Middle East respiratory syndrome coronavirus (MERS-CoV) is a beta coronavirus that emerged in 2012, causing severe pneumonia and renal failure. MERS-CoV encodes five accessory proteins. Some of them have been shown to interfere with host antiviral immune response. However, the roles of protein 8b in innate immunity and viral virulence was rarely studied. Here, we introduced individual MERS-CoV accessory protein genes into the genome of an attenuated murine coronavirus (Mouse hepatitis virus, MHV), respectively, and found accessory protein 8b could enhance viral replication and and increase the lethality of infected mice. RNA-seq analysis revealed that protein 8b could significantly inhibit type I interferon production (IFN-I) and innate immune response in mice infected with MHV expressing protein 8b. We also found that MERS-CoV protein 8b could initiate from multiple internal methionine sites and at least three protein variants were identified. Residues 1-23 of protein 8b was demonstrated to be responsible for increased virulence . In addition, the inhibitory effect on IFN-I of protein 8b might not contribute to its virulence enhancement as aa1-23 deletion did not affect IFN-I production and . Next, we also found that protein 8b was localized to the endoplasmic reticulum (ER)/Golgi membrane in infected cells, which was disrupted by C-terminal region aa 88-112 deletion. This study will provide new insight into the pathogenesis of MERS-CoV infection. Multiple coronaviruses (CoV) cause severe respiratory infections and become global public health threats such as SARS-CoV, MERS-CoV, and SARS-CoV-2. Each coronavirus contains different numbers of accessory proteins which show high variability among different CoVs. Accessory proteins are demonstrated to play essential roles in pathogenesis of CoVs. MERS-CoV contains 5 accessory proteins (protein 3, 4a, 4b, 5, 8b), and deletion of all four accessory proteins (protein 3, 4a, 4b, 5), significantly affects MERS-CoV replication and pathogenesis. However, whether ORF8b also regulates MERS-CoV infection is unknown. Here, we constructed mouse hepatitis virus (MHV) recombinant virus expressing MERS-CoV protein 8b and demonstrated protein 8b could significantly enhance the virulence of MHV, which is mediated by N-terminal domain of protein 8b. This study will shed light on the understanding of pathogenesis of MERS-CoV infection.

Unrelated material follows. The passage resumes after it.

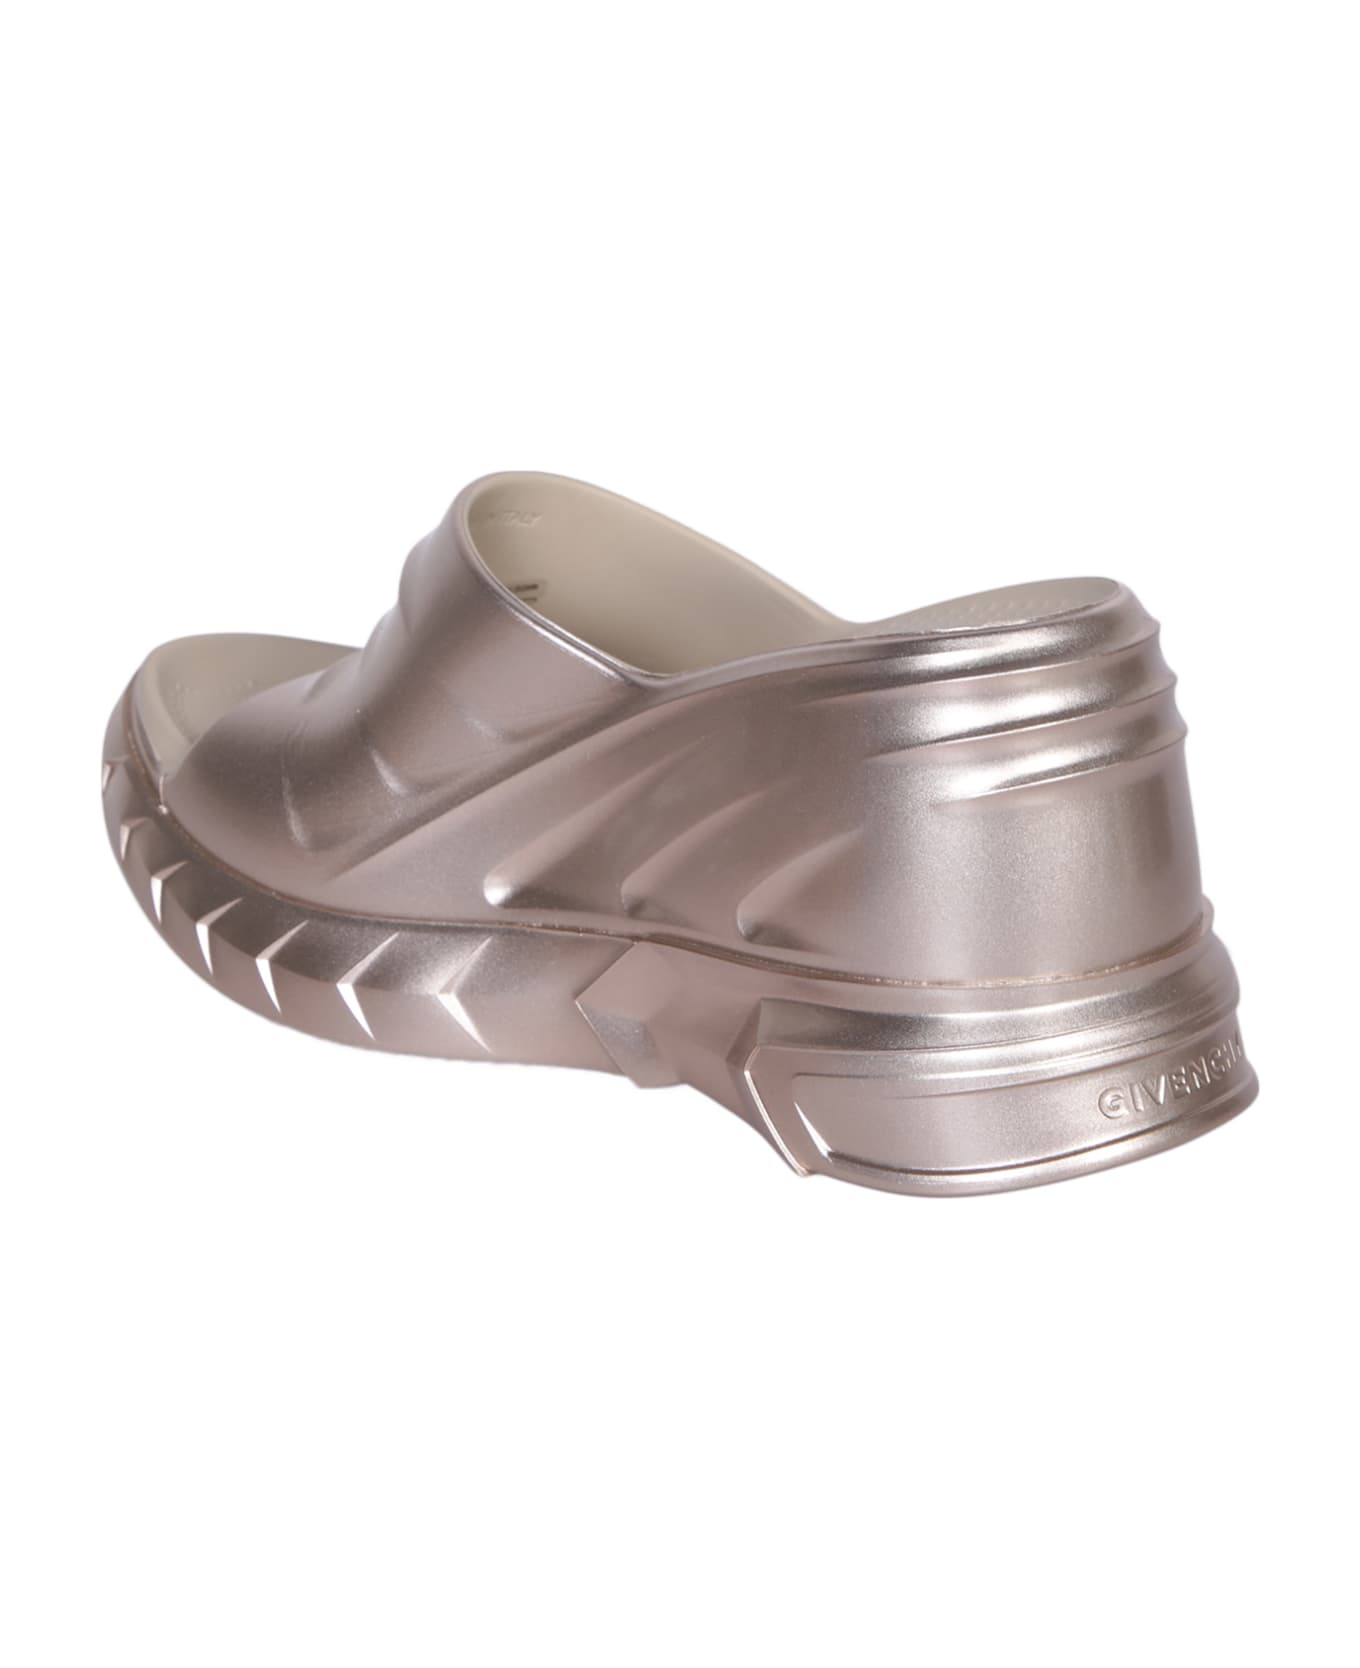 Givenchy Marshmallow Wedge Sandals - Metallic

中东呼吸综合征冠状病毒(MERS-CoV)是一种β冠状病毒,于 2012 年出现,可导致严重肺炎和肾衰竭。MERS-CoV 编码 5 种辅助蛋白。其中一些已被证明可干扰宿主抗病毒免疫反应。然而,蛋白 8b 在先天免疫和病毒毒力中的作用很少被研究。在这里,我们分别将 MERS-CoV 的辅助蛋白基因引入到一种减毒鼠冠状病毒(鼠肝炎病毒,MHV)的基因组中,发现辅助蛋白 8b 可增强病毒复制和感染 MHV 表达蛋白 8b 的小鼠的致死率。RNA-seq 分析显示,蛋白 8b 可显著抑制感染 MHV 的小鼠中Ⅰ型干扰素(IFN-I)的产生和先天免疫反应。我们还发现,MERS-CoV 蛋白 8b 可以从多个内部甲硫氨酸位点起始,并且鉴定了至少三种蛋白变异体。蛋白 8b 的残基 1-23 被证明负责增强毒力。此外,蛋白 8b 对 IFN-I 的抑制作用可能不会影响其增强病毒毒力,因为 aa1-23 缺失不影响 IFN-I 的产生。接下来,我们还发现蛋白 8b 在感染细胞中定位于内质网(ER)/高尔基体膜,其 C 端区域 aa88-112 缺失会破坏该定位。这项研究将为 MERS-CoV 感染的发病机制提供新的见解。多种冠状病毒(CoV)可引起严重的呼吸道感染,并成为 SARS-CoV、MERS-CoV 和 SARS-CoV-2 等全球性公共卫生威胁。每种冠状病毒都包含不同数量的辅助蛋白,这些蛋白在不同的 CoV 之间具有高度变异性。辅助蛋白被证明在 CoV 的发病机制中发挥重要作用。MERS-CoV 包含 5 种辅助蛋白(蛋白 3、4a、4b、5、8b),缺失所有 4 种辅助蛋白(蛋白 3、4a、4b、5)会显著影响 MERS-CoV 的复制和发病机制。然而,ORF8b 是否也调节 MERS-CoV 感染尚不清楚。在这里,我们构建了表达 MERS-CoV 蛋白 8b 的鼠肝炎病毒(MHV)重组病毒,并证明蛋白 8b 可显著增强 MHV 的毒力,这是由蛋白 8b 的 N 端结构域介导的。这项研究将有助于理解 MERS-CoV 感染的发病机制。